The moat comes from brand portfolios, distribution density, shelf relationships, beverage partnerships, the Keurig brewer installed base, and scale purchasing. It is meaningful, but coffee weakness shows the moat is not uniform across segments.
The thesis fails if coffee cost pressure persists, K-Cup and brewer volumes keep declining, JDE Peet integration distracts management, leverage constrains flexibility, or the planned split exposes weaker economics than investors expected.
Tim Cofer and the board are pursuing a major portfolio reshaping. The key management test is whether they can protect daily execution while integrating JDE Peet, reducing leverage, and preparing two public companies.
Nonalcoholic beverages benefit from brand-led demand, convenience, energy drinks, zero-sugar formats, and route-to-market scale. Coffee is a large global category, but current input costs and household appliance demand make the transition more difficult.
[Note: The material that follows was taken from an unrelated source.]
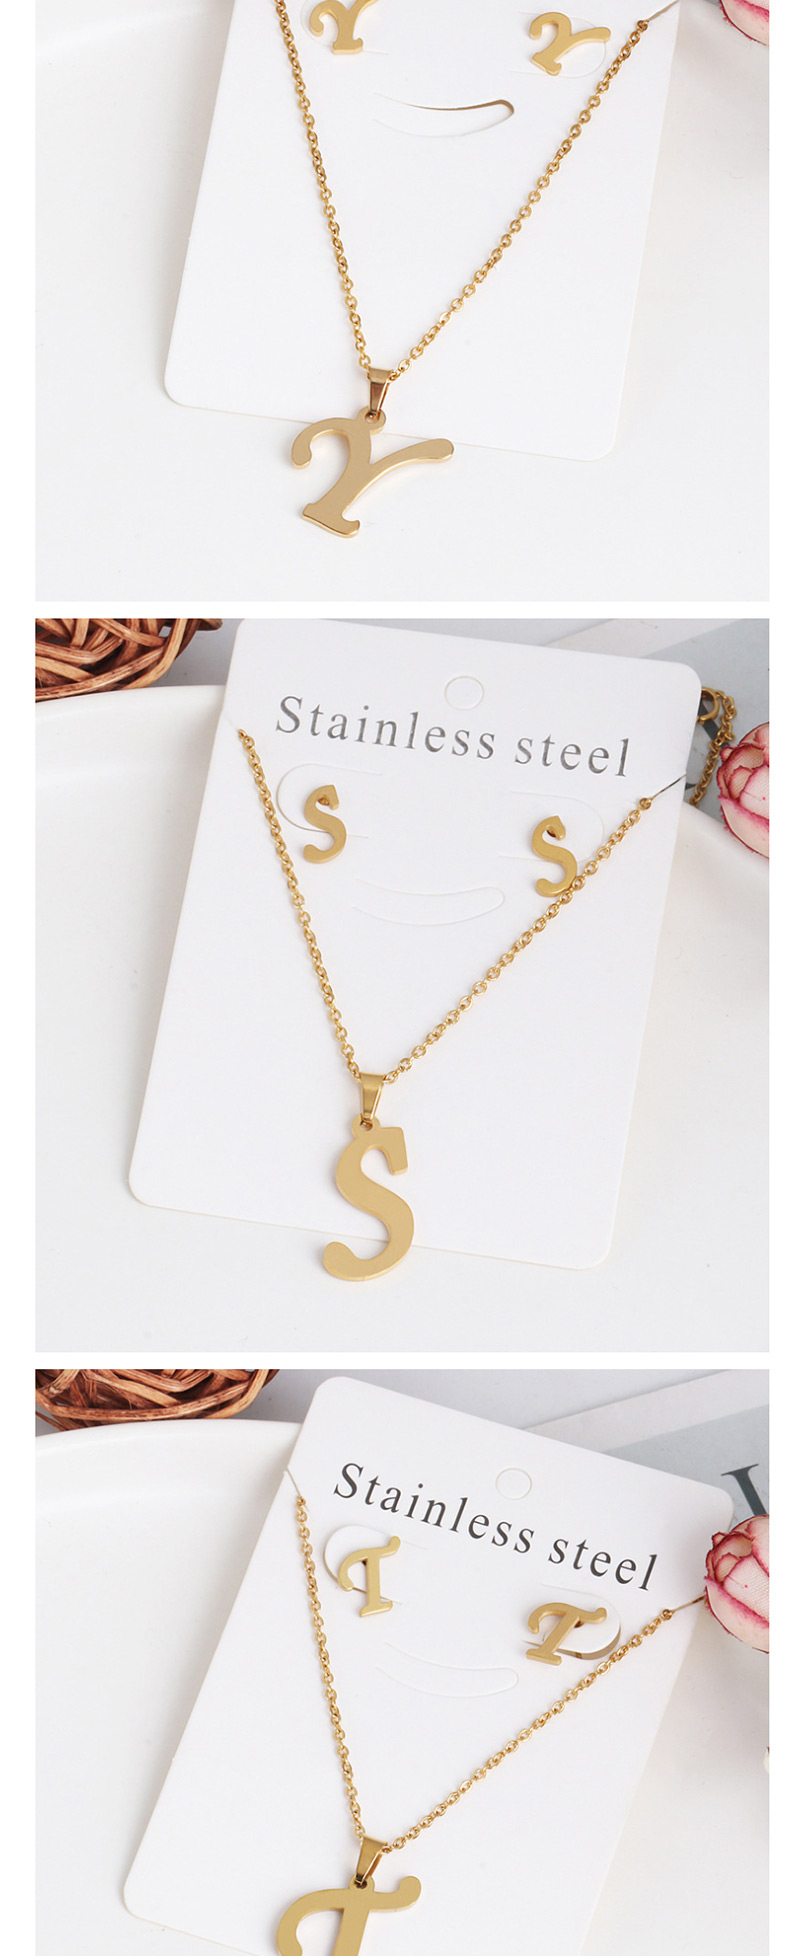 Fashion F Gold Stainless Steel Letter Necklace Earrings Two-piece,Jewelry Sets

At roughly 23.3x EPS and a 3.5% free cash flow yield, KDP needs steady execution to justify the price. Margin of safety improves if leverage falls, coffee margins stabilize, and the stock offers a better free cash flow yield.
Source-backed data
Every metric below includes a source and last verification date.
| Metric | Value | Source | Last verified |
|---|---|---|---|
| KDP price | $31.49 quote context on July 8, 2026 | Google Finance KDP quote | July 8, 2026 |
| Market capitalization | $42.8 billion, calculated from $31.49 x 1.3592 billion shares | financial_rigor.py market-cap verification | July 8, 2026 |
| Shares outstanding | 1.3592 billion basic weighted-average shares in Q1 2026 | Keurig Dr Pepper Q1 2026 results release | July 8, 2026 |
| FY2025 net sales | $16.603 billion, cross-validated with Macrotrends and StockAnalysis | Keurig Dr Pepper 2025 Form 10-K | July 8, 2026 |
| FY2025 net income | $2.079 billion in the 10-K, cross-checked against company and third-party rounded figures near $2.1 billion | Keurig Dr Pepper 2025 Form 10-K | July 8, 2026 |
| Q1 2026 result | $3.98 billion revenue and $270 million GAAP net income, with transaction and acquisition-related costs affecting comparability | Keurig Dr Pepper Q1 2026 results release | July 8, 2026 |
| FY2025 segment net sales | U.S. Refreshment Beverages $10.439 billion, U.S. Coffee $3.990 billion, International $2.174 billion | Keurig Dr Pepper 2025 Form 10-K | July 8, 2026 |
| FY2025 cash flow | $1.991 billion operating cash flow and $1.519 billion free cash flow | Keurig Dr Pepper FY2025 results release | July 8, 2026 |
| JDE Peet acquisition | Acquisition closed April 1, 2026, with a planned future separation into Beverage Co. and Global Coffee Co. | Keurig Dr Pepper transaction release | July 8, 2026 |
| Technical indicators | 50-day moving average $32.90, 200-day moving average $31.45, RSI 35.646 | Investing.com KDP technical analysis | July 8, 2026 |
This KDP AI stock analysis is for informational and educational use only. It is not investment advice, does not recommend buying or selling securities, and does not consider your objectives, risk tolerance, tax situation, or portfolio. Forecast scenarios are based on available data as of the stated cutoff date and can be wrong.